> TASK
Give a verbatim repeat of the lines that run from the line containing "1993 350l 4x4 Switch Help Please" to the end of the data below.

(Stored dataset items)
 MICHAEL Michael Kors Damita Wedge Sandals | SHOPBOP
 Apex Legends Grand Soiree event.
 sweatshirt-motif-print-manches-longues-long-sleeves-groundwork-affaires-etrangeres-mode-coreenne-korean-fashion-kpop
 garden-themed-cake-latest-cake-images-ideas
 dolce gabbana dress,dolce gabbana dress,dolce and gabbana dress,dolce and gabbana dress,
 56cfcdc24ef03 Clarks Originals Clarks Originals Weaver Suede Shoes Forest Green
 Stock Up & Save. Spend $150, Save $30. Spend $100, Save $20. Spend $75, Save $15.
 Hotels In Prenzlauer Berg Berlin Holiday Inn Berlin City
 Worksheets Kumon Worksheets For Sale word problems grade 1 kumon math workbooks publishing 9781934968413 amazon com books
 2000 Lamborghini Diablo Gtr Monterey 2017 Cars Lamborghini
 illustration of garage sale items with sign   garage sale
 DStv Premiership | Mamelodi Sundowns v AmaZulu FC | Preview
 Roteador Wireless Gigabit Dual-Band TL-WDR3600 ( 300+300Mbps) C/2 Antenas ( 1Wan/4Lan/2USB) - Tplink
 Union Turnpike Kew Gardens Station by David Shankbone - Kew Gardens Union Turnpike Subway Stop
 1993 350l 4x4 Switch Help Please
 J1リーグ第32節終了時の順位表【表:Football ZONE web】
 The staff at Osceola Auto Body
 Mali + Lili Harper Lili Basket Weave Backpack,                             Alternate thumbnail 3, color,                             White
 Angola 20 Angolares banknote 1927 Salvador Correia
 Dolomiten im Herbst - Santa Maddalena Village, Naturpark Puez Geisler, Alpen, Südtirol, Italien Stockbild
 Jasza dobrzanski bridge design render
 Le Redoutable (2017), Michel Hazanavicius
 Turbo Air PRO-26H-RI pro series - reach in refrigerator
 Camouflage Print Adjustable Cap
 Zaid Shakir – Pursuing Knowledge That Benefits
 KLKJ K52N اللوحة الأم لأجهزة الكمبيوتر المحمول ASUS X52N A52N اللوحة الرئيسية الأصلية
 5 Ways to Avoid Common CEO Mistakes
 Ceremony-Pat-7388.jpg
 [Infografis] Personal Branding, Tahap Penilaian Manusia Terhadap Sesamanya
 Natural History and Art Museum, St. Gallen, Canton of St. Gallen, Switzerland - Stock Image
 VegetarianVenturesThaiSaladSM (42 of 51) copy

> REPLY TO THE TASK
 1993 350l 4x4 Switch Help Please
 J1リーグ第32節終了時の順位表【表:Football ZONE web】
 The staff at Osceola Auto Body
 Mali + Lili Harper Lili Basket Weave Backpack,                             Alternate thumbnail 3, color,                             White
 Angola 20 Angolares banknote 1927 Salvador Correia
 Dolomiten im Herbst - Santa Maddalena Village, Naturpark Puez Geisler, Alpen, Südtirol, Italien Stockbild
 Jasza dobrzanski bridge design render
 Le Redoutable (2017), Michel Hazanavicius
 Turbo Air PRO-26H-RI pro series - reach in refrigerator
 Camouflage Print Adjustable Cap
 Zaid Shakir – Pursuing Knowledge That Benefits
 KLKJ K52N اللوحة الأم لأجهزة الكمبيوتر المحمول ASUS X52N A52N اللوحة الرئيسية الأصلية
 5 Ways to Avoid Common CEO Mistakes
 Ceremony-Pat-7388.jpg
 [Infografis] Personal Branding, Tahap Penilaian Manusia Terhadap Sesamanya
 Natural History and Art Museum, St. Gallen, Canton of St. Gallen, Switzerland - Stock Image
 VegetarianVenturesThaiSaladSM (42 of 51) copy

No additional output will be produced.